2014-10-13 14:26:11

by Ulrich Obergfell

[permalink] [raw]
Subject: [PATCH 0/1] watchdog: parameters to control hard and soft lockup detector individually

This post follows up to https://lkml.org/lkml/2014/8/11/329.
During the discussion of that patch, Ingo Molnar commented in
https://lkml.org/lkml/2014/8/18/577.

"The softlockup and hardlockup detection control variables
should be in separate flags, inside and outside the kernel -
they (should) not relate to each other."

Please refer to [PATCH 1/1] for a description of the proposed
changes of the 'user interface' in /proc/sys/kernel and kernel
command line parameters.

Ulrich Obergfell (1):
watchdog: parameters to control hard and soft lockup detector
individually

include/linux/nmi.h | 12 ++-
kernel/sysctl.c | 21 ++++-
kernel/watchdog.c | 250 +++++++++++++++++++++++++++++++++++++++++++---------
3 files changed, 236 insertions(+), 47 deletions(-)

--
1.7.11.7


2014-10-13 14:26:15

by Ulrich Obergfell

[permalink] [raw]
Subject: [PATCH 1/1] watchdog: parameters to control hard and soft lockup detector individually

With the current user interface of the watchdog mechanism it is only
possible to disable or enable both lockup detectors at the same time.
This patch introduces new kernel parameters and changes the semantics
of some existing kernel parameters, so that the hard lockup detector
and the soft lockup detector can be disabled or enabled individually.
With this patch applied, the user interface is as follows.

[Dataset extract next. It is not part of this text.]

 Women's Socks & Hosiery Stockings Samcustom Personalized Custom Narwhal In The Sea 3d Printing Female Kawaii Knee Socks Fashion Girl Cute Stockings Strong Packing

- parameters in /proc/sys/kernel

. soft_watchdog
This is a new parameter to control and examine the run state of
the soft lockup detector.

. nmi_watchdog
The semantics of this parameter have changed. It can now be used
to control and examine the run state of the hard lockup detector.

. watchdog
This parameter is still available to control the run state of both
lockup detectors at the same time. If this parameter is examined,
it shows the logical OR of soft_watchdog and nmi_watchdog.

. watchdog_thresh
The semantics of this parameter are not affected by the patch.

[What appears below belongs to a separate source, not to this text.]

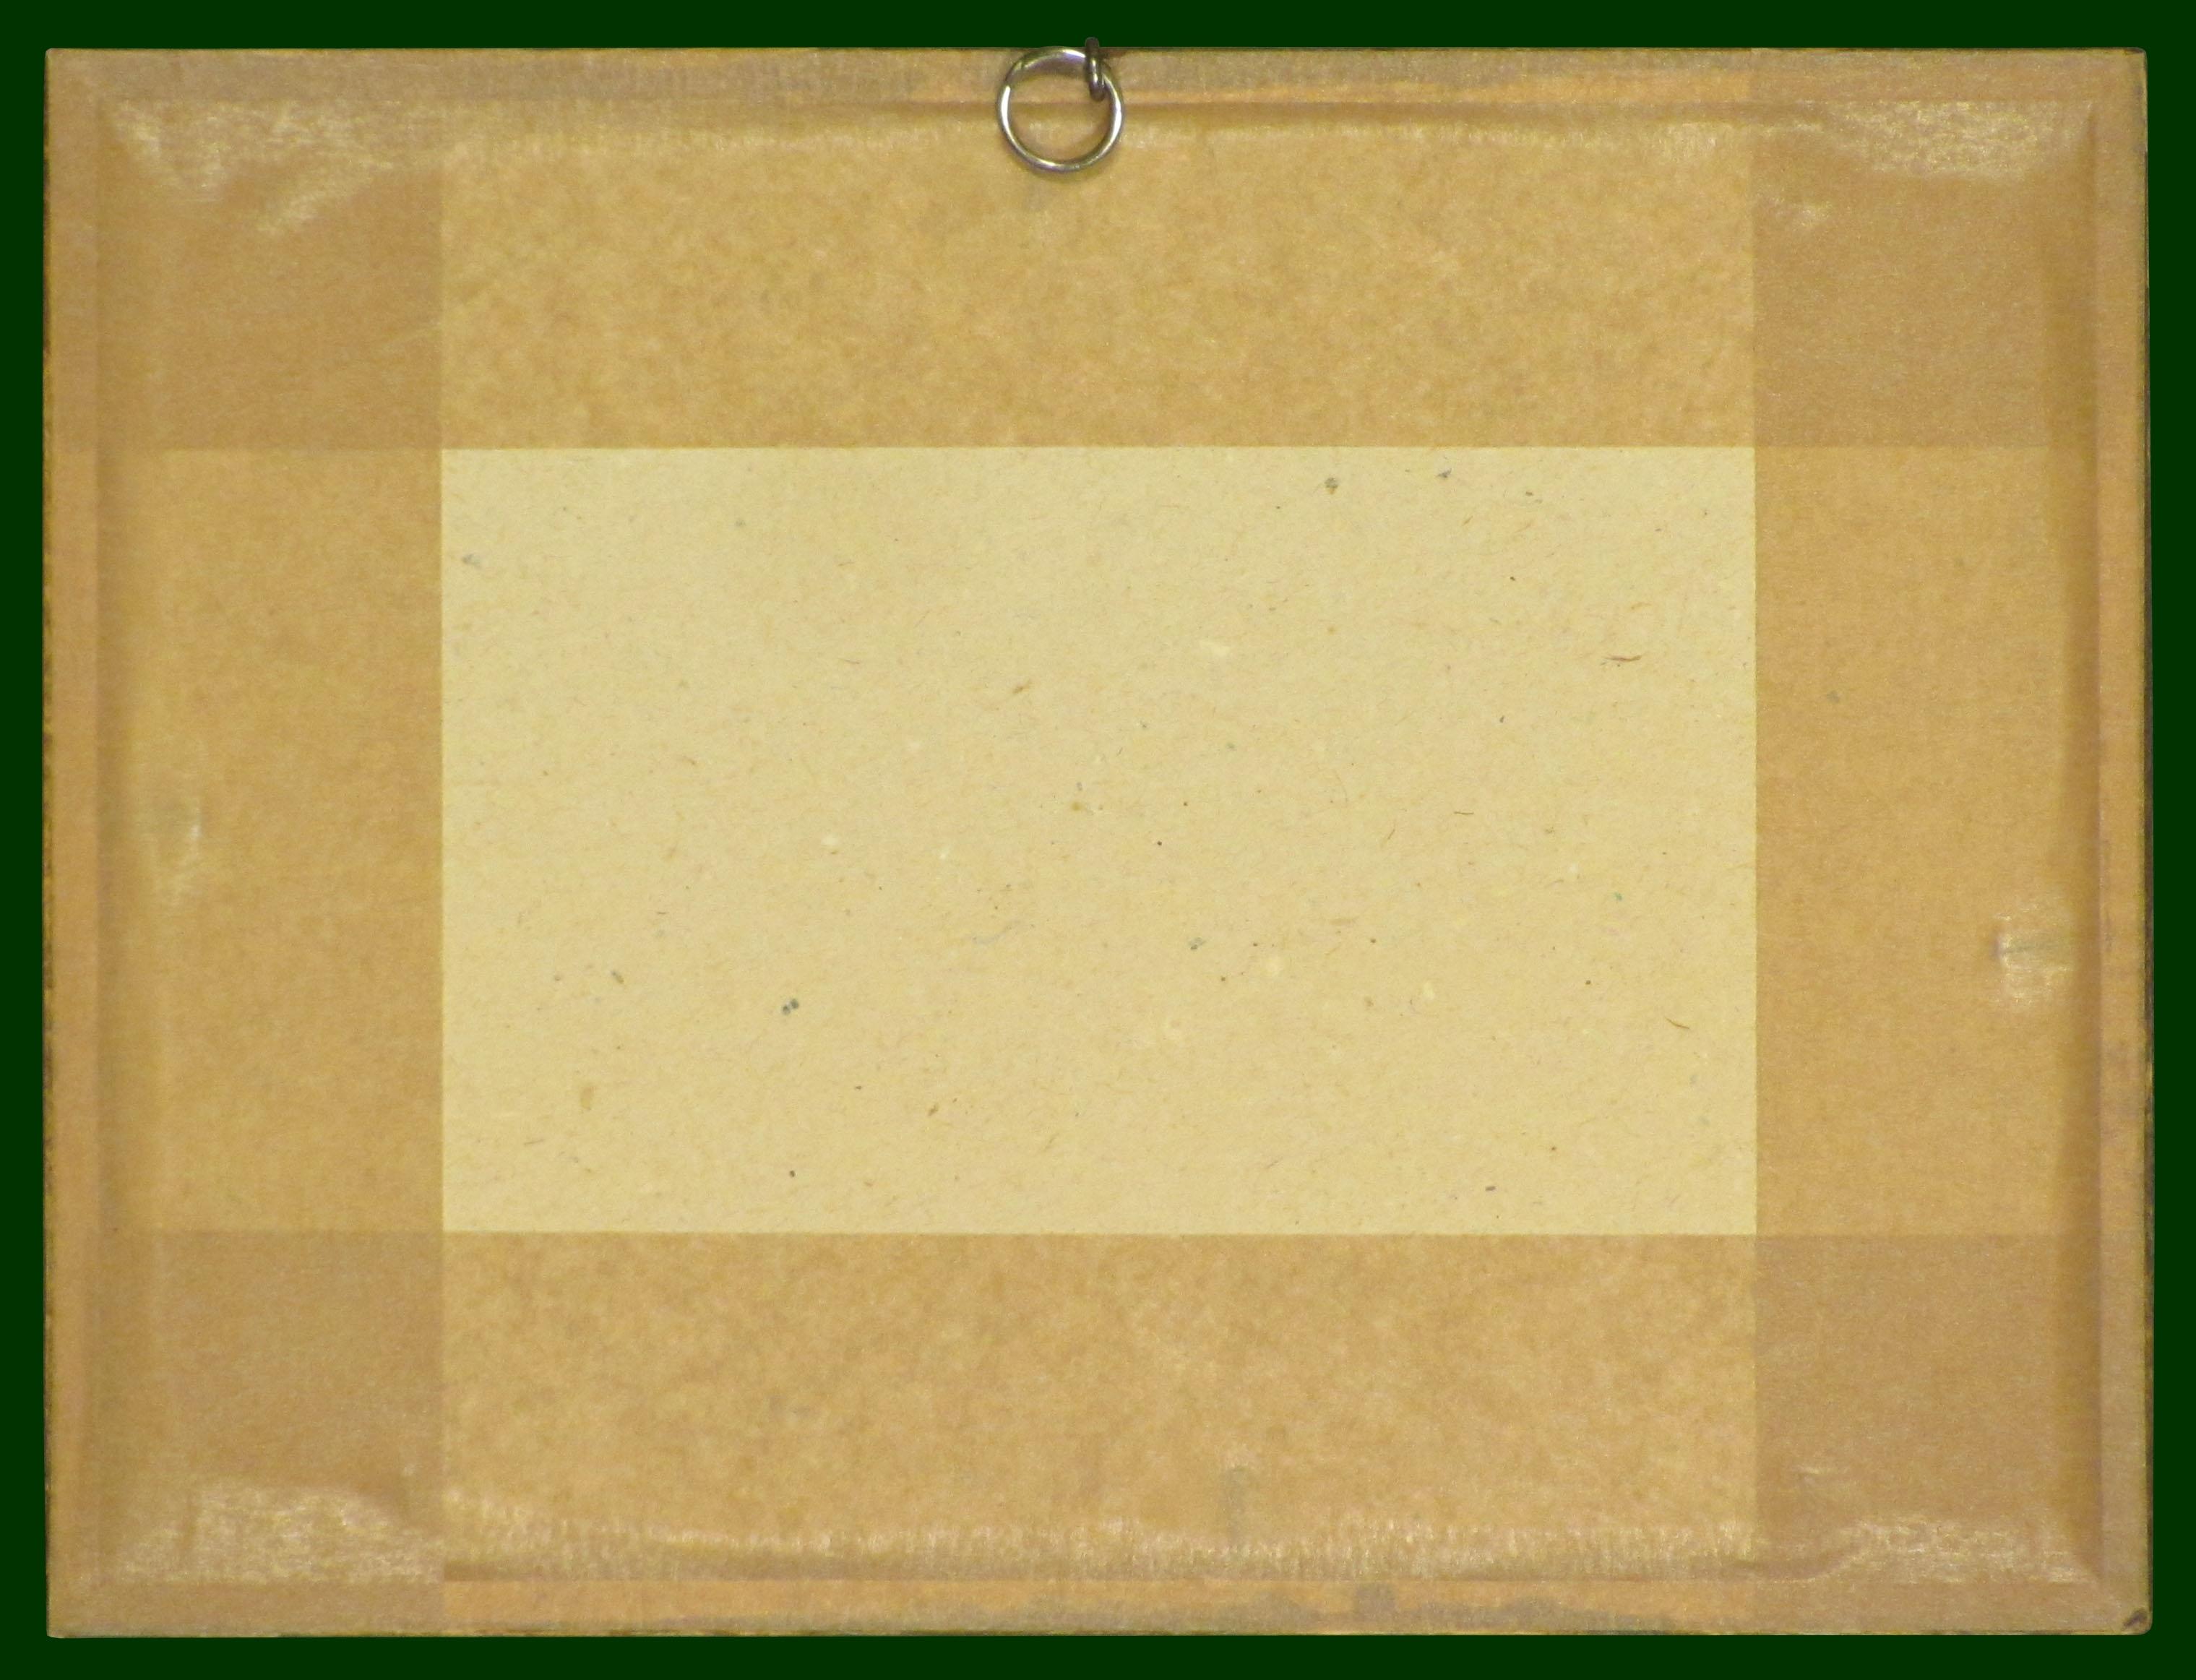 104-21hát.jpg (3039×2325)

- kernel command line parameters

. nosoftlockup
The semantics of this parameter have changed. It can now be used
to disable the soft lockup detector at boot time.

. nmi_watchdog=0 or nmi_watchdog=1
Disable or enable the hard lockup detector at boot time. The patch
introduces '=1' as a new option.

. nowatchdog
The semantics of this parameter are not affected by the patch. It
is still available to disable both lockup detectors at boot time.

Signed-off-by: Ulrich Obergfell <[email protected]>
---
include/linux/nmi.h | 12 ++-
kernel/sysctl.c | 21 ++++-
kernel/watchdog.c | 250 +++++++++++++++++++++++++++++++++++++++++++---------
3 files changed, 236 insertions(+), 47 deletions(-)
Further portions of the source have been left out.